Flexible, miniaturized electrodes can be paired with implantation guides, or electrodes with a hard base that soften post-implantation, such as shape-memory electrodes. These electrodes adjust their stiffness by controlling the temperature difference between the natural and implanted environments, thus minimizing excessive pressure on the brain tissue during implantation119. However, the relatively large size of shape-memory electrodes suggests the potential for a shift in approach towards developing simpler, more compact implantation guides to reduce implantation-induced damage.

Electrode Interface Materials to Minimize Immune Responses

To mitigate immune responses, one approach involves using biodegradable materials that degrade over time after implantation, preventing chronic immune reactions caused by long-term foreign material presence120. For example, natural silk proteins can degrade and be absorbed by brain tissue after a certain period. A challenge, however, lies in precisely controlling the degradation timeline and ensuring complete absorption by the brain tissue. Another strategy involves applying nanocoatings, such as collagen or hydrogels, which can reduce the immune system’s recognition of the electrode by mimicking the brain’s biological environment. Hydrogels, in particular, offer excellent biocompatibility and flexibility, helping to reduce friction and damage between the electrode and neural tissue.

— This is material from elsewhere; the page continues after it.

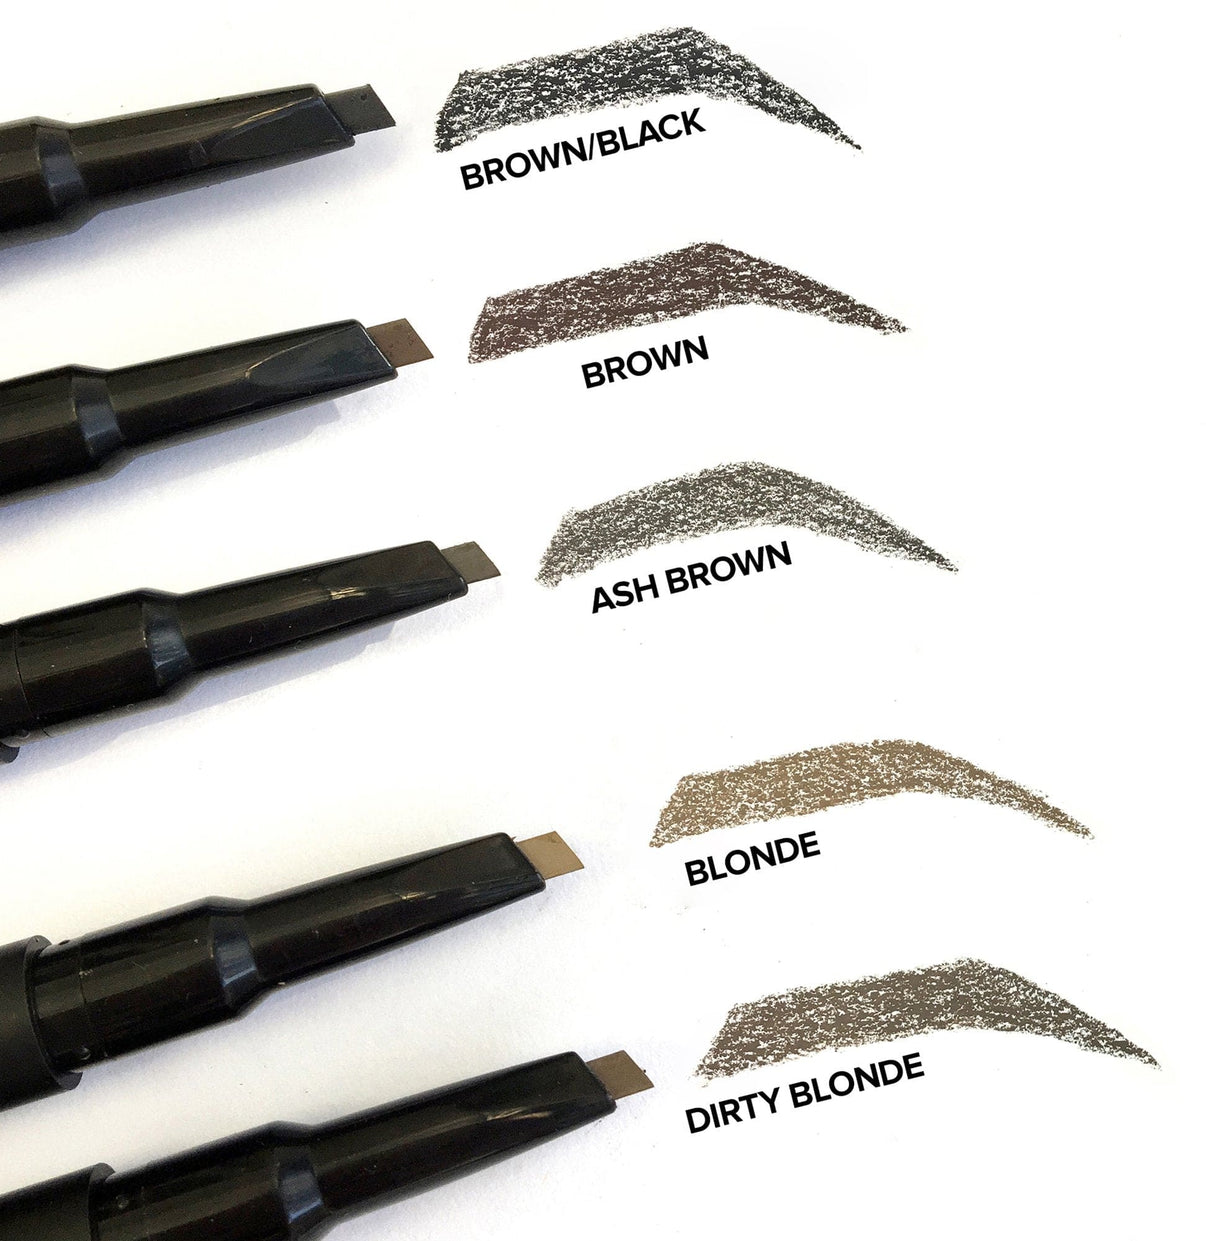 Stylus Eyebrow Pencil & Gel with swatches of shades ashbrown blonde brown brownblack dirtyblonde

Additionally, several future research directions are proposed:

Standardized Metrics for Stability Assessment

There is currently no unified evaluation framework to scientifically and objectively measure the long-term stability of flexible deep brain neural interfaces. Future efforts could focus on establishing standardized assessment criteria based on parameters such as electrode impedance, signal-to-noise ratio, and interface condition to provide reliable benchmarks for stability.

Integration of In Vivo and In Vitro Models for Rapid Prototyping

Most current research is focused on either in vivo or in vitro experimental platforms. The future challenge lies in integrating both approaches to accelerate the development and validation of new neural interface devices.

In summary, optimizing the immune response of flexible deep brain electrodes is an interdisciplinary field that spans neuroscience, electronics, materials science, and physics. It serves as a crucial driver for advancing future intelligent control systems and long-term therapeutic solutions.